Things are not so bad, she thought, there is worse, there is far worse. And she began once more to write to the old colleague, a cheerful, chatty letter, relating what was of interest or amusing, omitting much.

Laura said, ‘We adored each other, of course.’ She had had two glasses of sherry; she felt confidential, and melancholy in a rather agreeable way. ‘I was awfully young when we were married, just a girl really, Hugh was quite a bit older than me.’

Barbara Hamilton nodded understandingly. ‘I
do
so wish we’d known him. I just have that feeling we’d have got on so well.’

Laura hesitated. ‘Well, yes. Of course, Hugh had that impatient streak to him, it came of being half Welsh. I must admit he could be rude to people.’

Barbara said, ‘I think really clever men, really exceptional people, are allowed that, don’t you? They just are on a slightly different plane. We knew Willie Maugham rather well and one always felt that about him.’

One slightly tiresome thing about Barbara was the way she would keep mentioning important or interesting people she knew or had known, who were often as, if not more, important and interesting than the people one knew or had known oneself. Laura said, ‘Mmn, I s’pose so.’ Barbara’s husband was probably going to be made a Sir before he retired, it was hinted. Laura finished her third sherry and went on, ‘Of course, being with someone like that all one’s life one comes to feel that it’s nothing unusual.’

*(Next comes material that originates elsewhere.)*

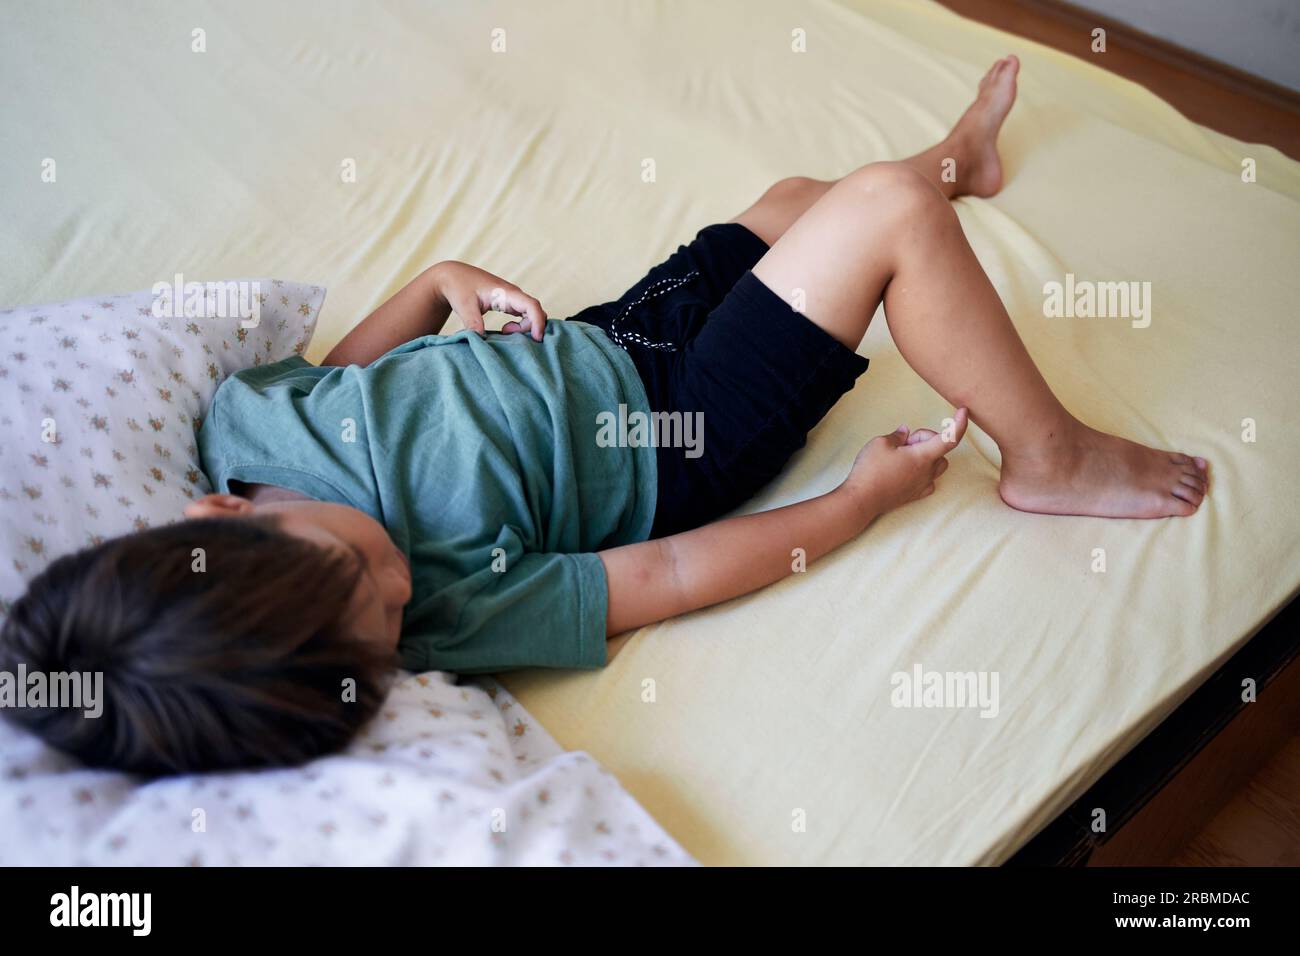 Mosquito bites sore and scar on child leg, a boy scratching at lesion. Stock Photo

Barbara said, ‘And with him doing such a fascinating subject you must have been awfully tempted to get involved yourself.’

‘I always felt strongly,’ said Laura, ‘that he needed a background where he could be quite private, detach himself from work when he wanted to, get away from it all. I don’t think it would have helped at all for me to be involved too. Unfortunately, my sister rather… Hugh always felt it was a very good thing I wasn’t
all
that involved in archaeology, I mean, quite interested enough to know what was going on, but not immersed, if you see what I mean.’

‘Oh, quite,’ said Barbara.

He is being quite unreasonable, he is in one of his beastly Welsh tempers, I won’t stand for it, why should I? It is always what he is doing that has to come first, I am never thought of, I can be left at Danehurst for weeks on end while he is off somewhere.

We shout at each other. I shout about being left on my own at Danehurst and about going always by myself to dinners and things that he says bore him. I shout about not having holidays abroad like other people. I shout about money.

And he shouts back, horrid unfair things that I don’t want to remember. I can only hear his voice, with that hard angry edge to it, and see his face, looking at me as though I were someone he did not know. I feel sick to my stomach; it is like being afraid; is it that I am afraid?

I do care about his work. I do take the trouble to find out what he is doing. I know I could have gone to Spain with him.

All right, then, I shout, what did you ask me to marry you for, then? You should have married Nellie, if that’s the sort of wife you wanted.

He turns his back on me and goes out of the room.

I sit there and look at the shut door and I feel scared. And lonely. Perhaps I should not have said that. But it is true, and in any case…

Presently the scared feeling goes away. In any case, I know why he married me, and why he did not marry Nellie, never would have done. And later, in bed, I will be able to make it all right again, like I always can when I want to. Maybe in the end I will even be able to make him come to the Sadlers’ dinner with me.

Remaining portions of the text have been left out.